--- START ---

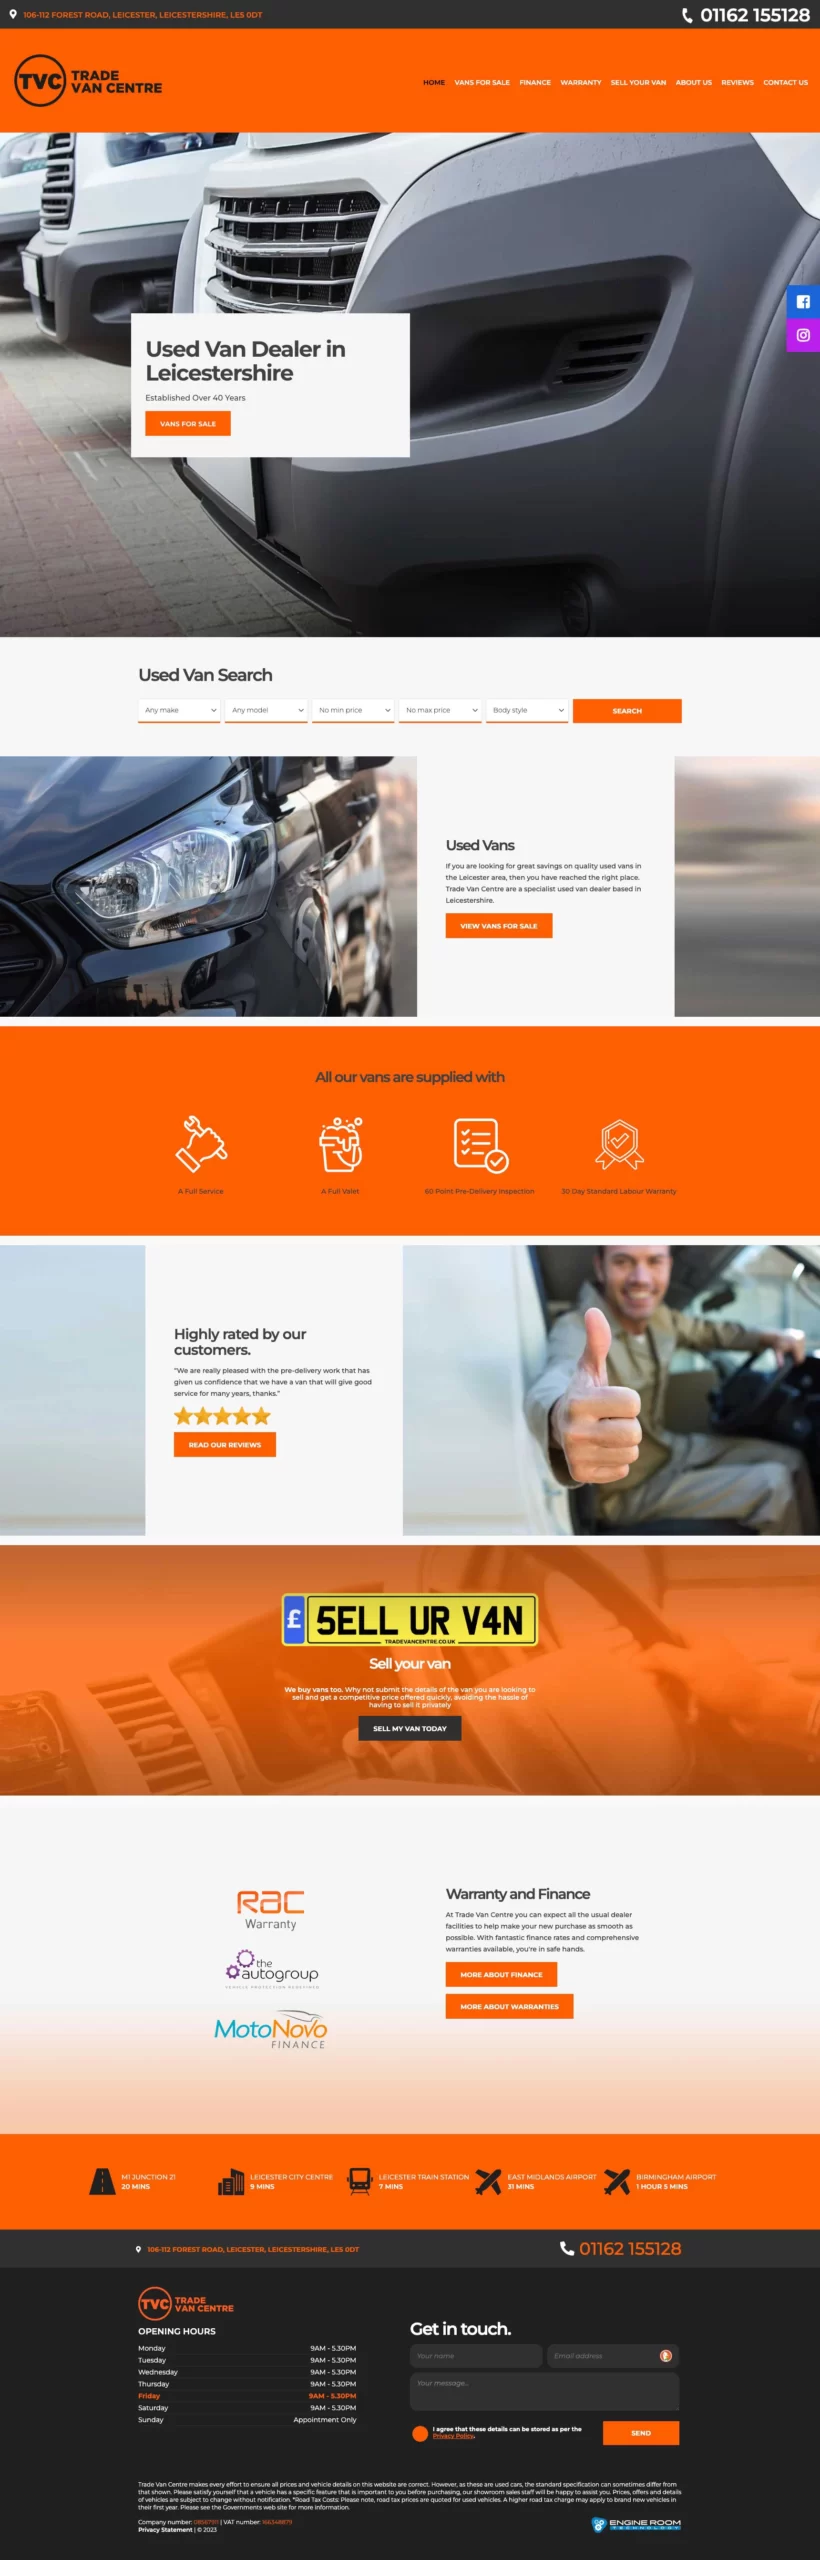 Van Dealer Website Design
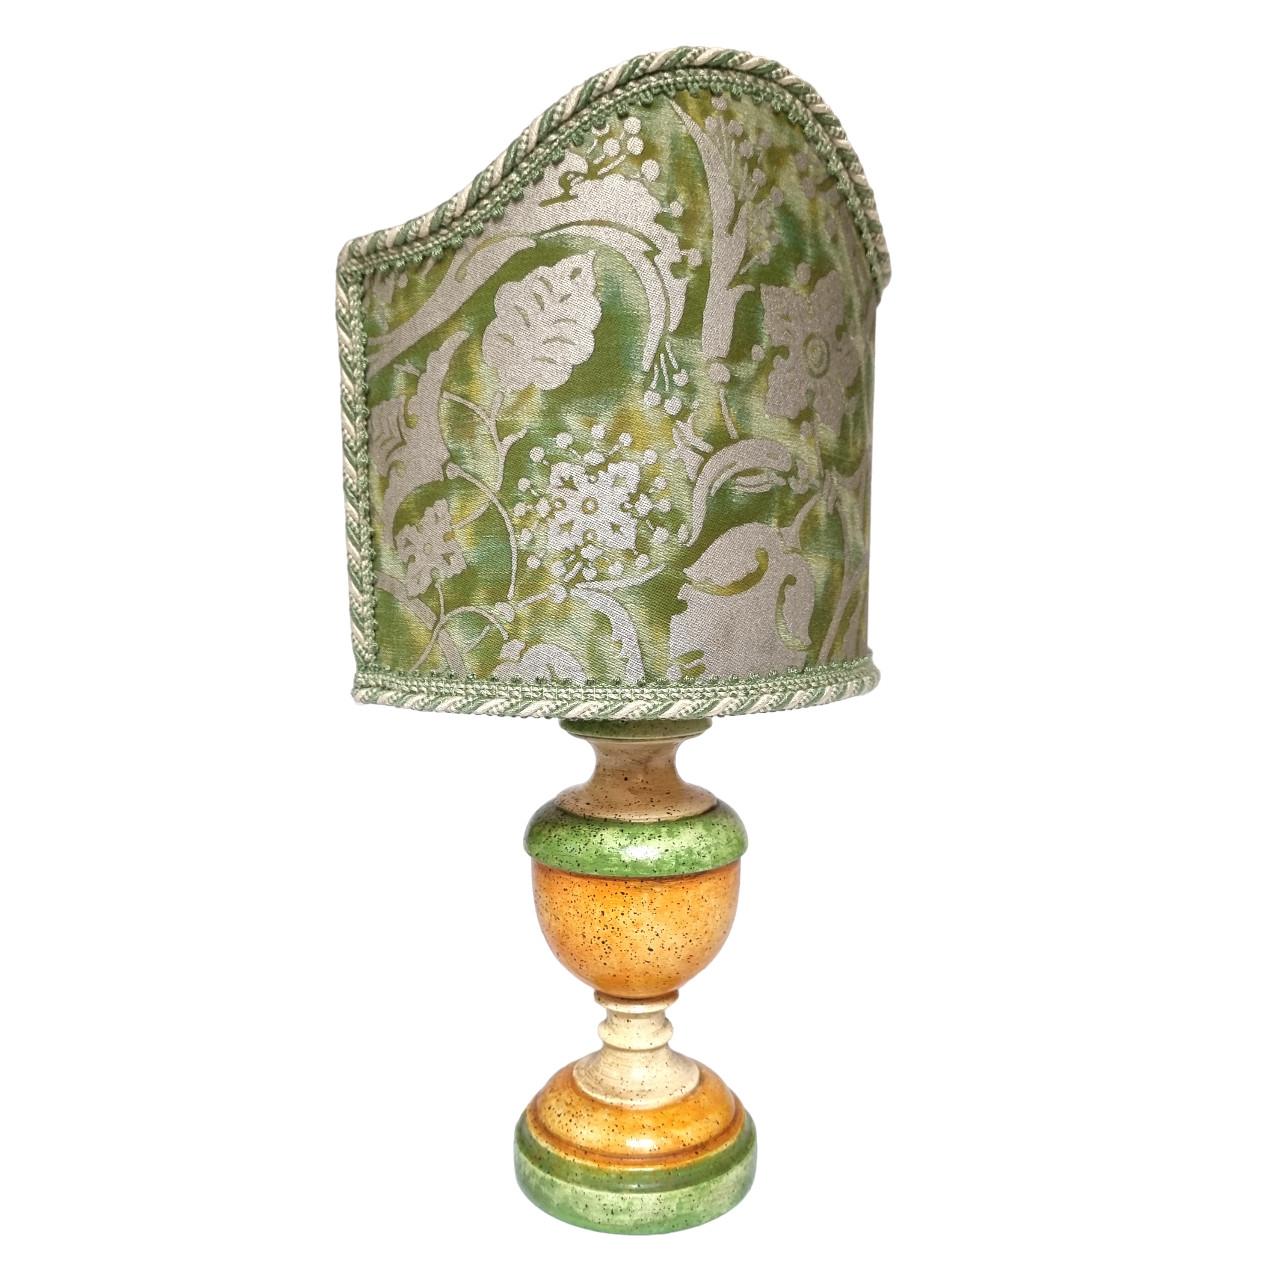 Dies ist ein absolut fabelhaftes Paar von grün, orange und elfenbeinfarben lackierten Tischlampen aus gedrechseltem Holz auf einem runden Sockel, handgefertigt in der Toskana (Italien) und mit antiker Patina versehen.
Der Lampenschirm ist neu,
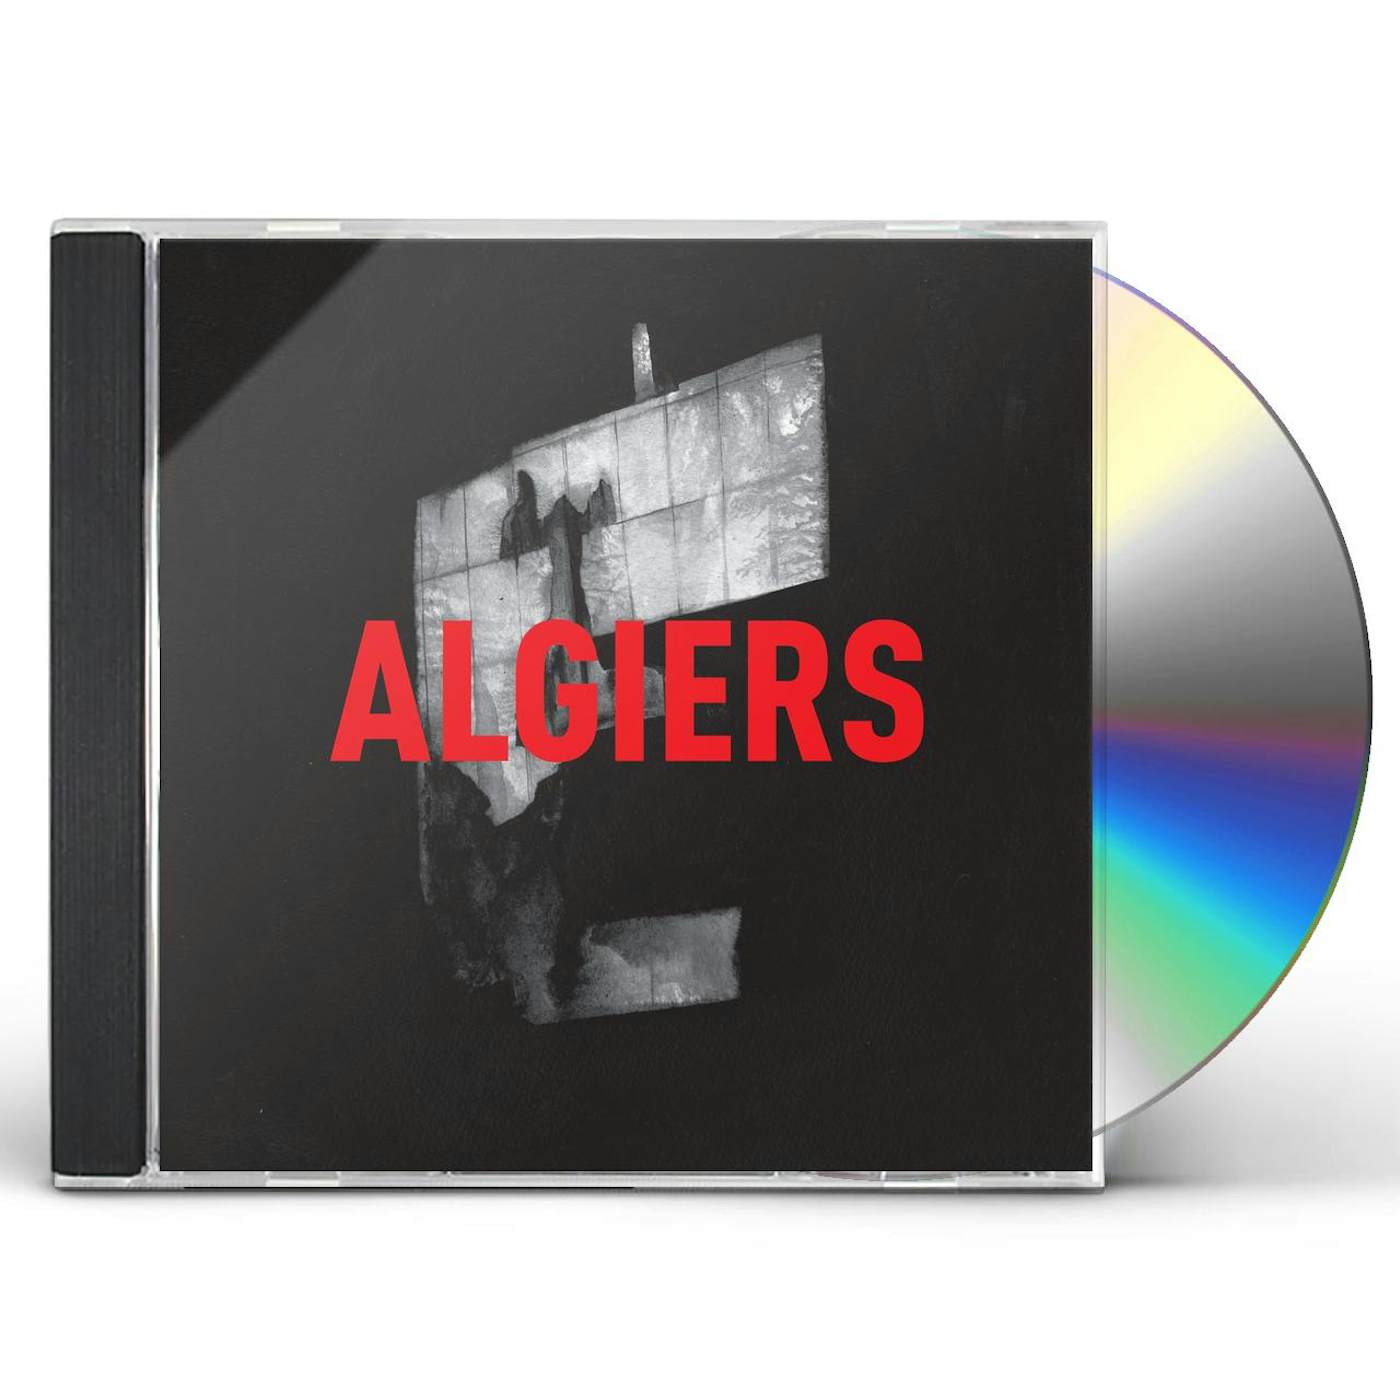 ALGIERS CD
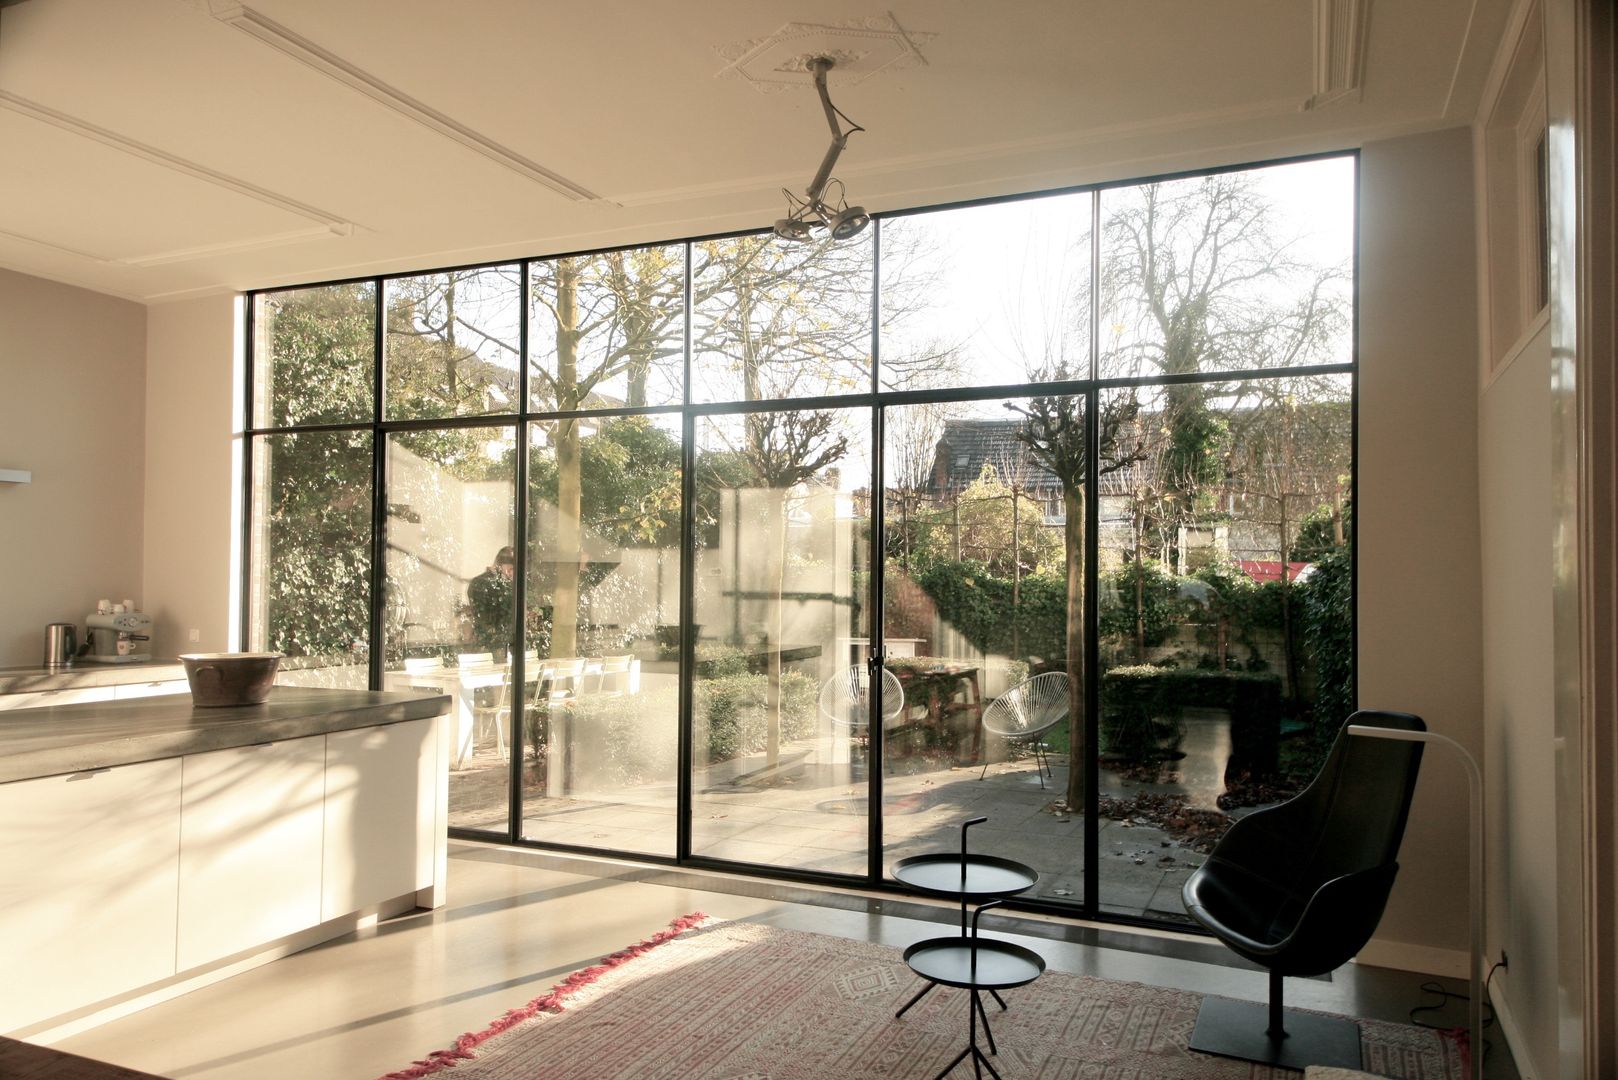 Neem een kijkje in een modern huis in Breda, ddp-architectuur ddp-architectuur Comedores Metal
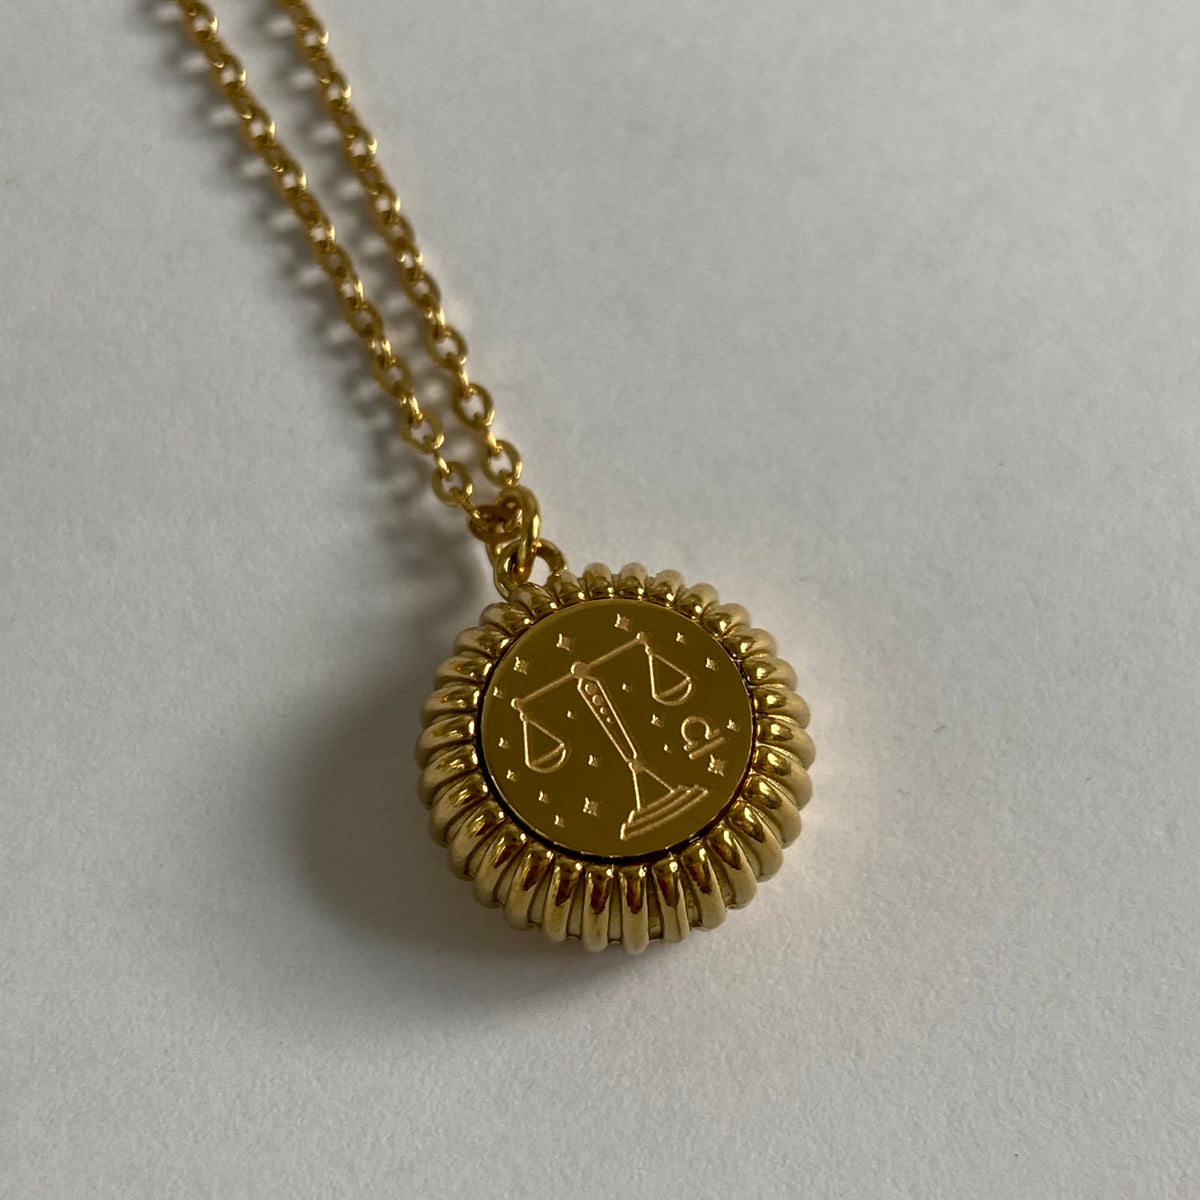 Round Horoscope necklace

--- END ---

REQUIRED ACTION: Transcribe nothing but the lines from the one containing "Der Lampenschirm ist" through the final line of the records, exactly as written and without pictures.

ANSWER FOR THE TASK:
Der Lampenschirm ist neu,
 ALGIERS CD
 Neem een kijkje in een modern huis in Breda, ddp-architectuur ddp-architectuur Comedores Metal
 Round Horoscope necklace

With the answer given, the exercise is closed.